狹小的衛生間,兩個一米八幾的大男人擠在一起,連呼吸都是清晰的。

水珠子砸下來,都蓋不住意味不明的呼吸聲。

沈嚴氣的罵:“我早就說,讓你去看病,你不去,你……”

話沒說完。

被裴珩強行翻了個面。

原本是面對面站著,沈嚴被他一轉,登時後背對著裴珩,臉沖著墻。

他一個沒站穩,伸手摁住墻。

剛要轉身給這狗東西一個大逼鬥,裴珩從後面環腰抱住他。

臉貼在他滿是淤泥的後背上,和他說:“一起洗吧,節約用水。”

……

漂亮哥哥擡腳要離開,臟兮兮的小男孩咬著嘴唇從後面抱住漂亮哥哥的腰,臉蛋貼在他的後背,又說:“一起洗吧,節約用水。”

漂亮哥哥邁出去的那條腿,僵了一下。

嗓子裏的聲音都是僵的。

他說:“小嚴,乖,不能一起洗的。”

小男孩緊緊的抱著人家的腰,不撒手,只撒嬌,“就要一起洗,不然我就不洗了。”

被抱住的人短促的笑了一聲,帶著點無奈,透著些偏寵,胸腔裹著微微的震動,轉身。

小男孩仰頭看著人,明明臉上緊張那麽明顯,但還是堅持,“我就想一起洗。”

漂亮哥哥在他臉上摸摸,“小嚴,過了十八歲,和你一起。”

小男孩咬著嘴唇,湊上前,踮起腳尖去夠那嘴唇,一點點的說:“但我今天十八歲生日。”

……

記憶與現實交織。

沈嚴站在花灑下,手摁著墻壁慢慢回神。

原來,小男孩也長大了。

不是永遠的小男孩。

他那時候,都十八了。

從十二歲被漂亮哥哥撿回家,一養就養了他六年,把他養到十八歲了。

送他去最好的貴族學校,讓他得到最好的生活。

明明都養到十八歲了,為什麽不多養他幾年。

為什麽就不見了!

騙子!

大騙子!

沈嚴心頭裹著一股怒火,那怒火好像帶著刀片,割的他心口疼。

他把這怒火發洩在裴珩身上。

轉身朝著裴珩一巴掌打過去,在花灑下,發紅的眼睛瞪著人,說:“你不許說節約用水。
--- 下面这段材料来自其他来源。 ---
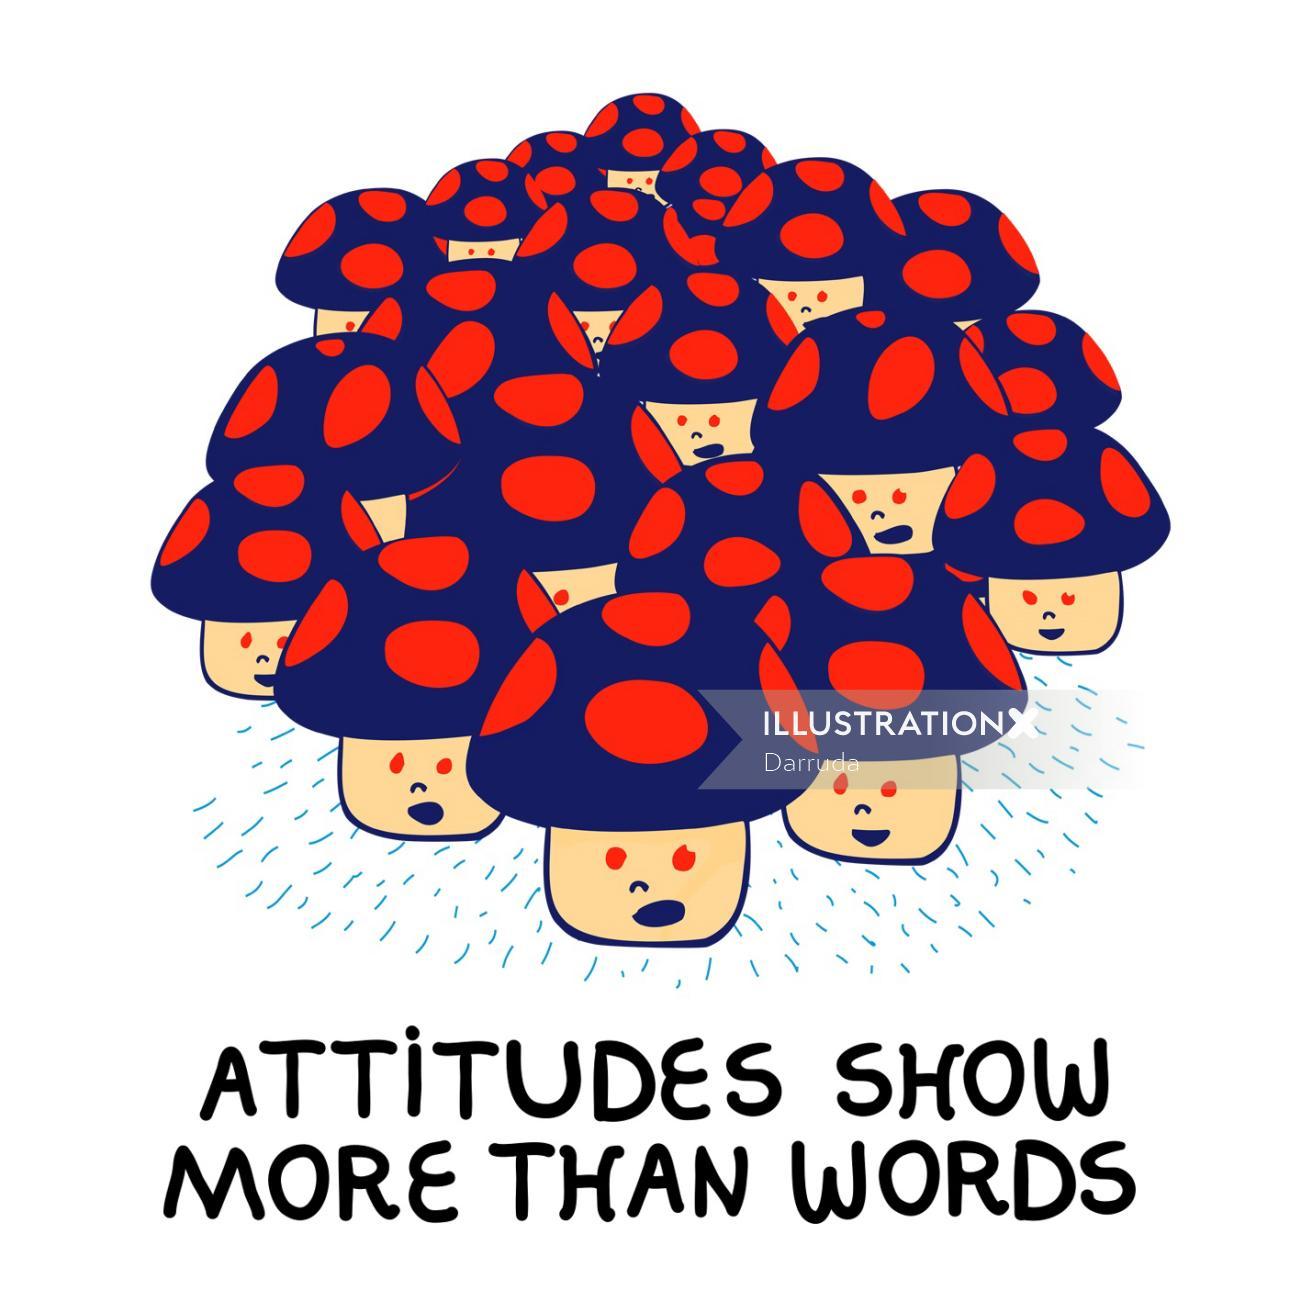 Attitude show more than words conceptual design

”

裴珩心臟密密麻麻的疼。

小心翼翼看著沈嚴發紅的眼睛,試探般,小聲問:“為什麽不許說,這句話,不同嗎?”

問完。

一瞬不瞬盯著沈嚴,心跳的砰砰的,又快,又疼。

他怕沈嚴遭不住一些刺激犯病,又怕沈嚴說沒什麽不同。